● Work required
Only the text should come through, so restate the listing exactly and drop its images.

● Data block
----

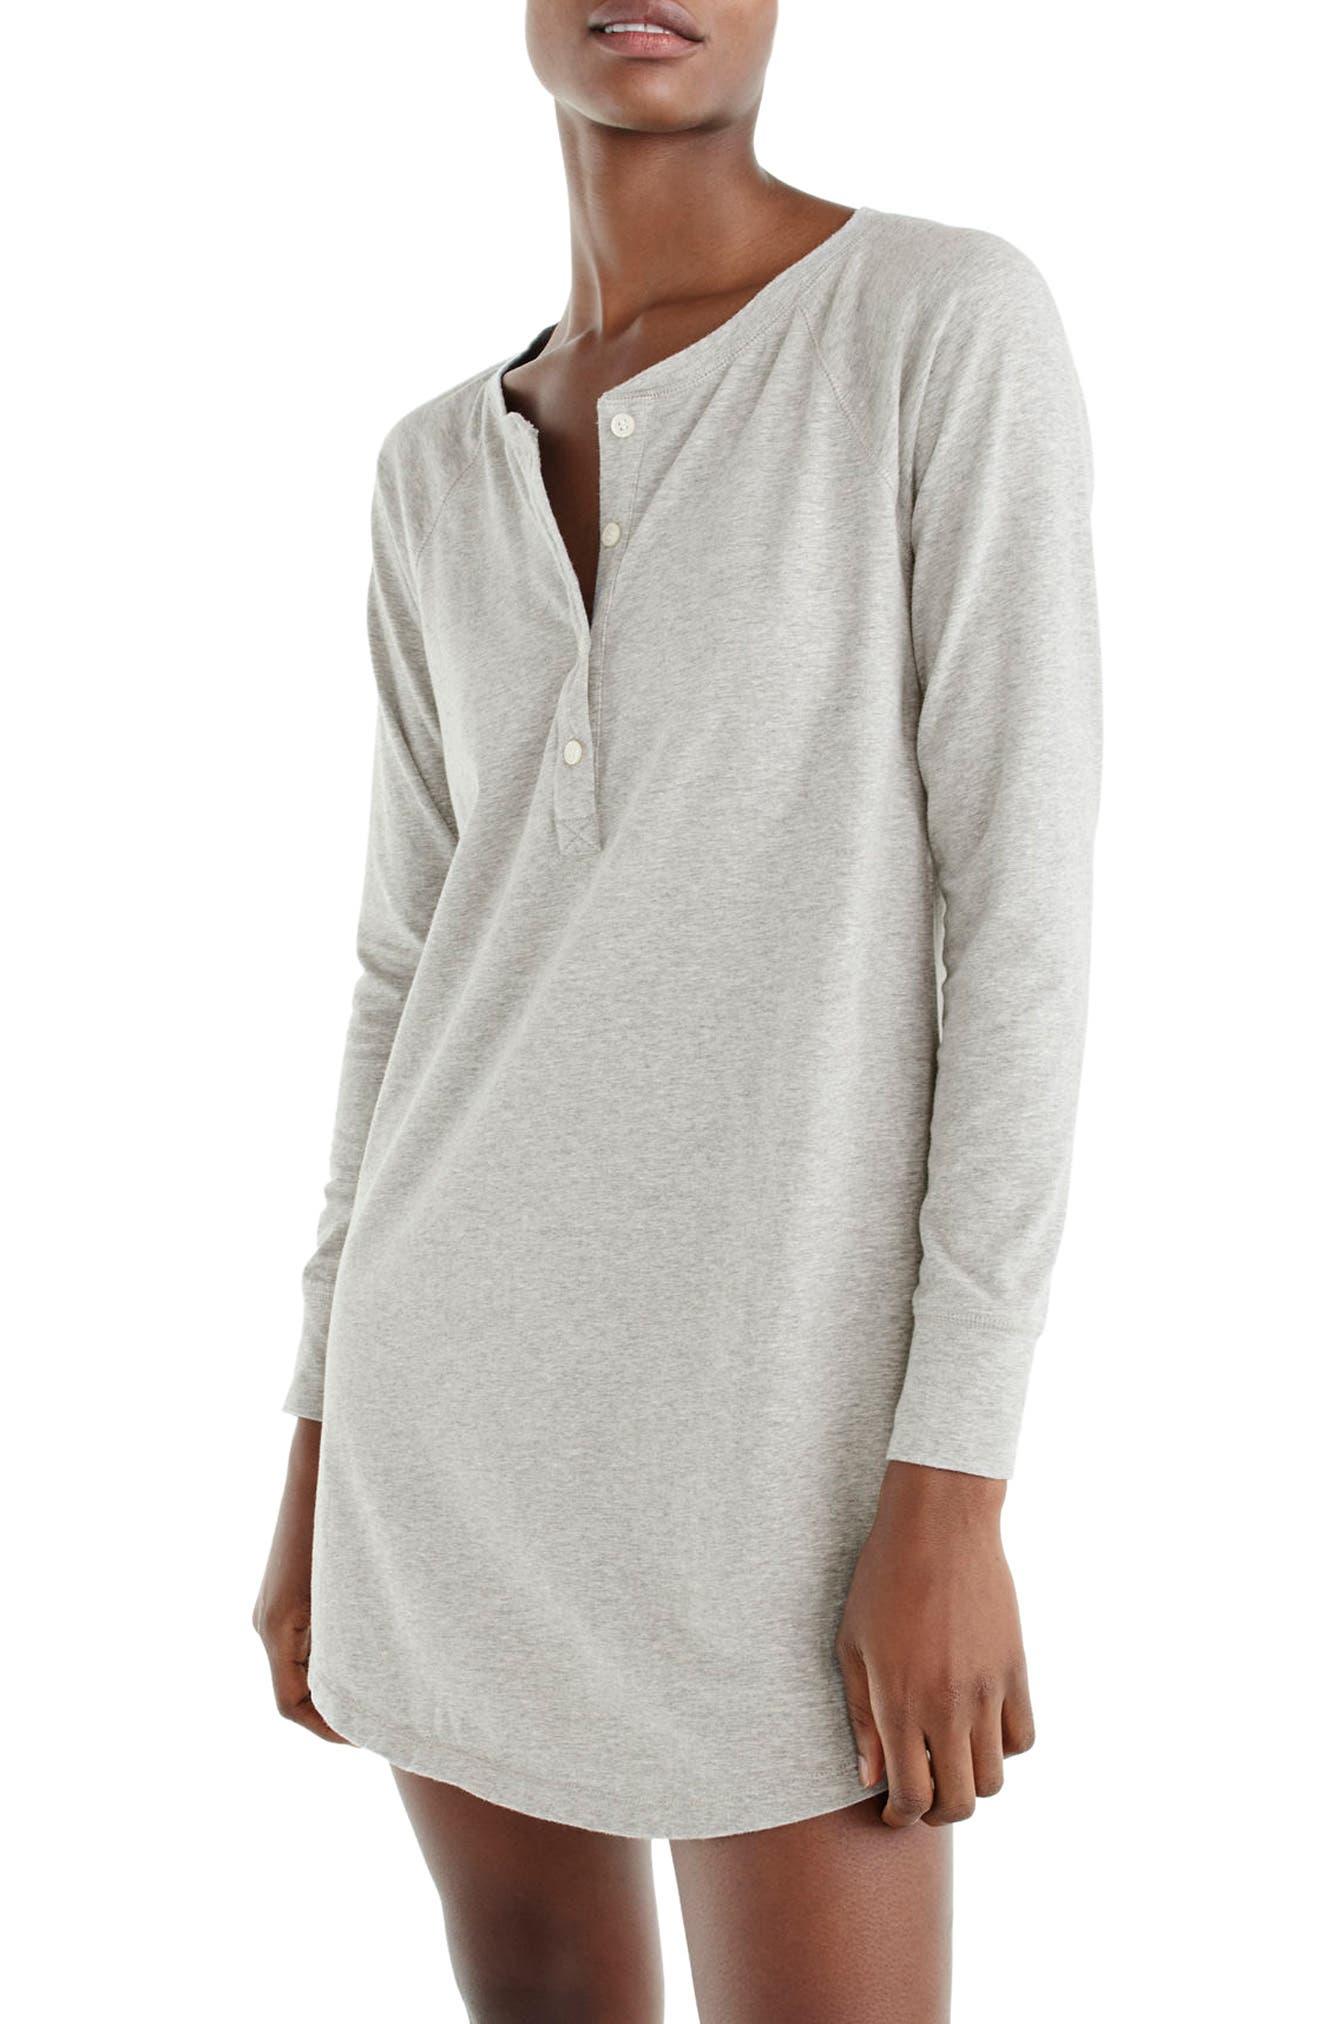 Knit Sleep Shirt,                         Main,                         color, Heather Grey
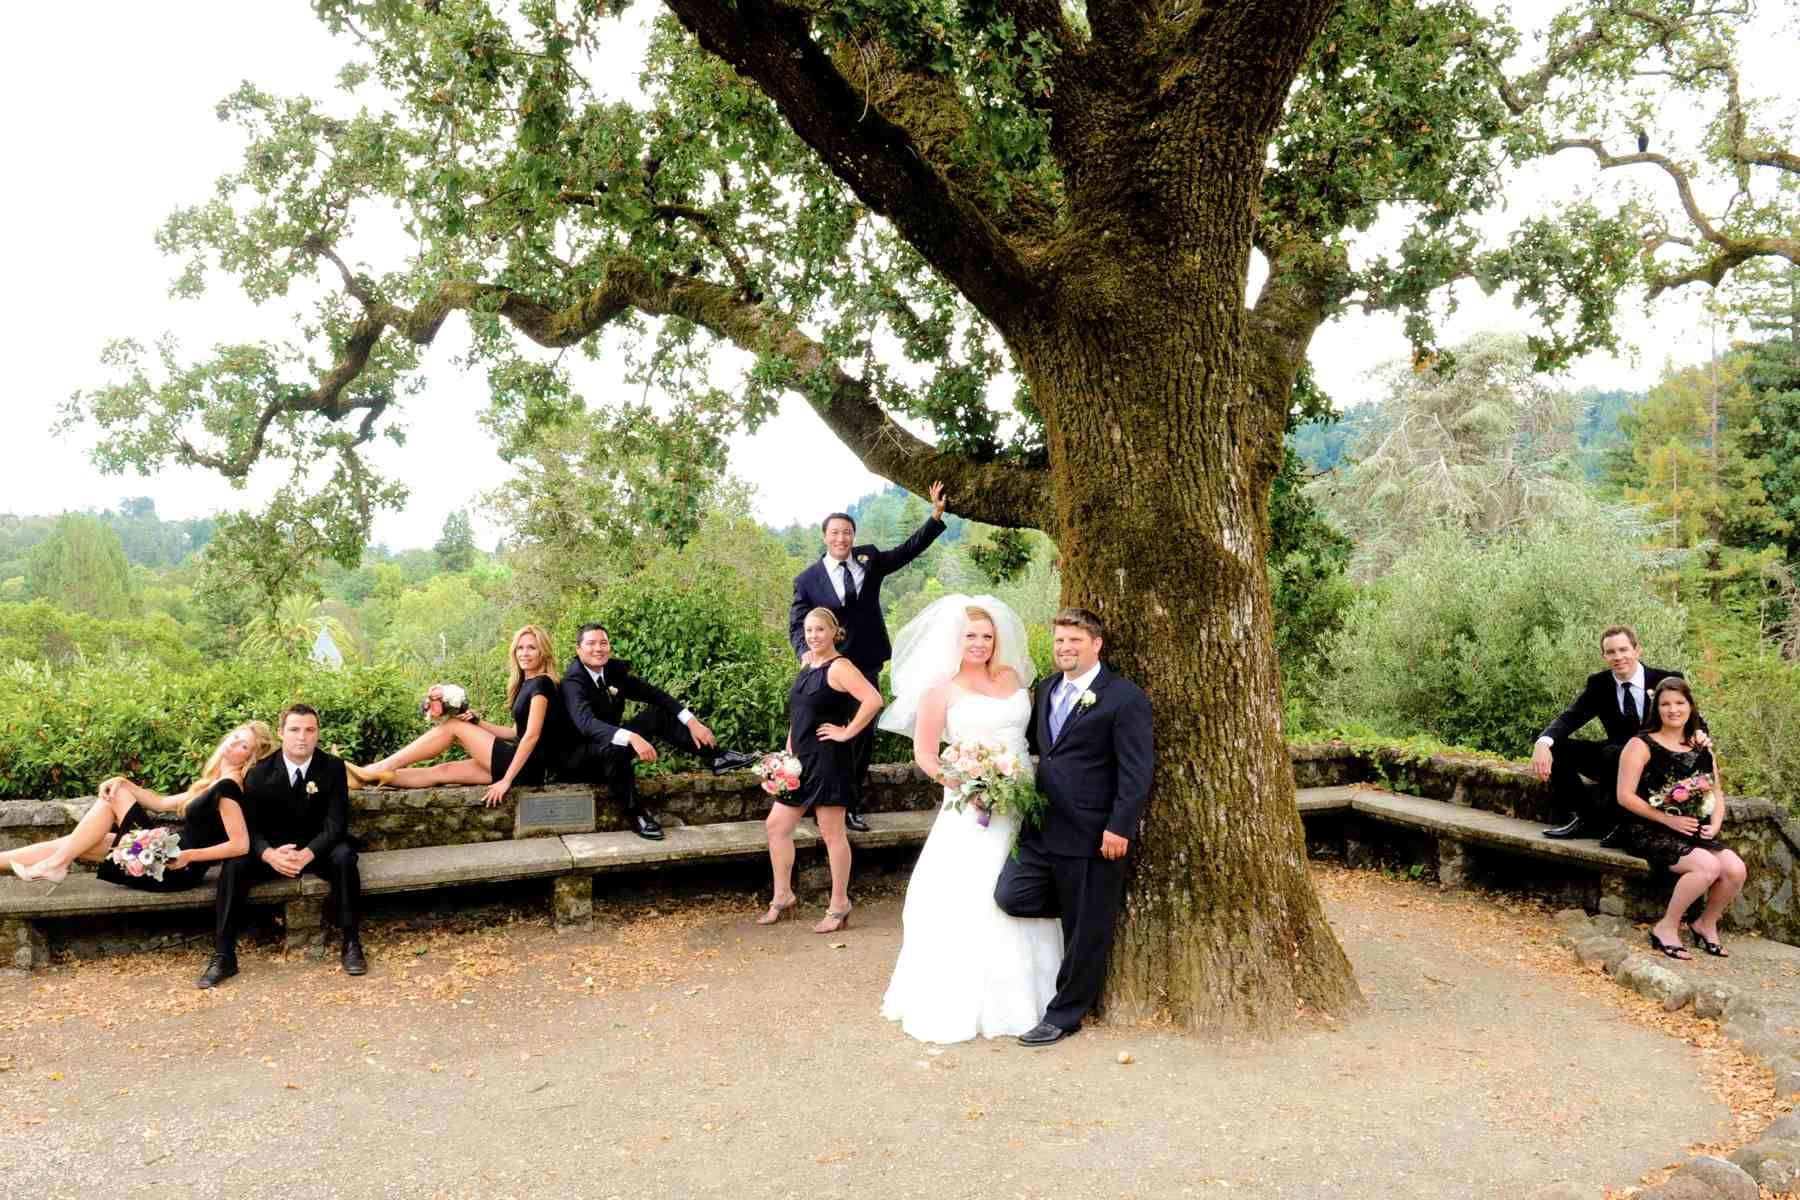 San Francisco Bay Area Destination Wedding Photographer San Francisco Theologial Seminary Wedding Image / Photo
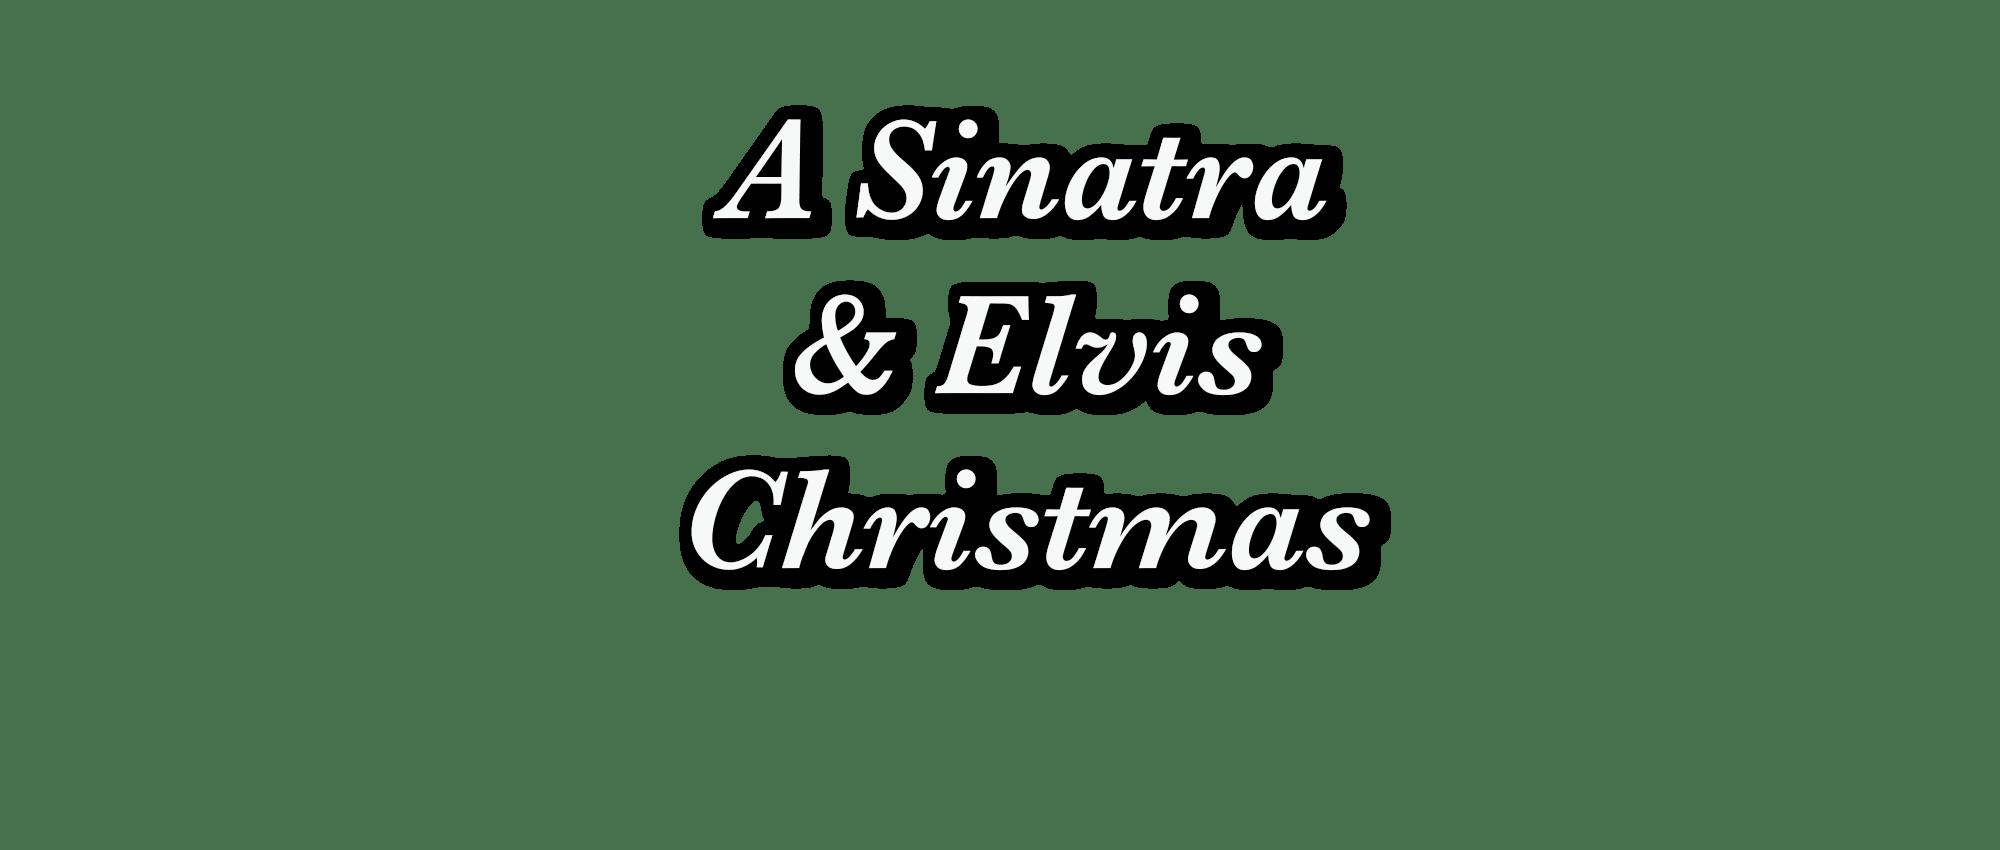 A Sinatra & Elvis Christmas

----

● Answer box
 Knit Sleep Shirt,                         Main,                         color, Heather Grey
 San Francisco Bay Area Destination Wedding Photographer San Francisco Theologial Seminary Wedding Image / Photo
 A Sinatra & Elvis Christmas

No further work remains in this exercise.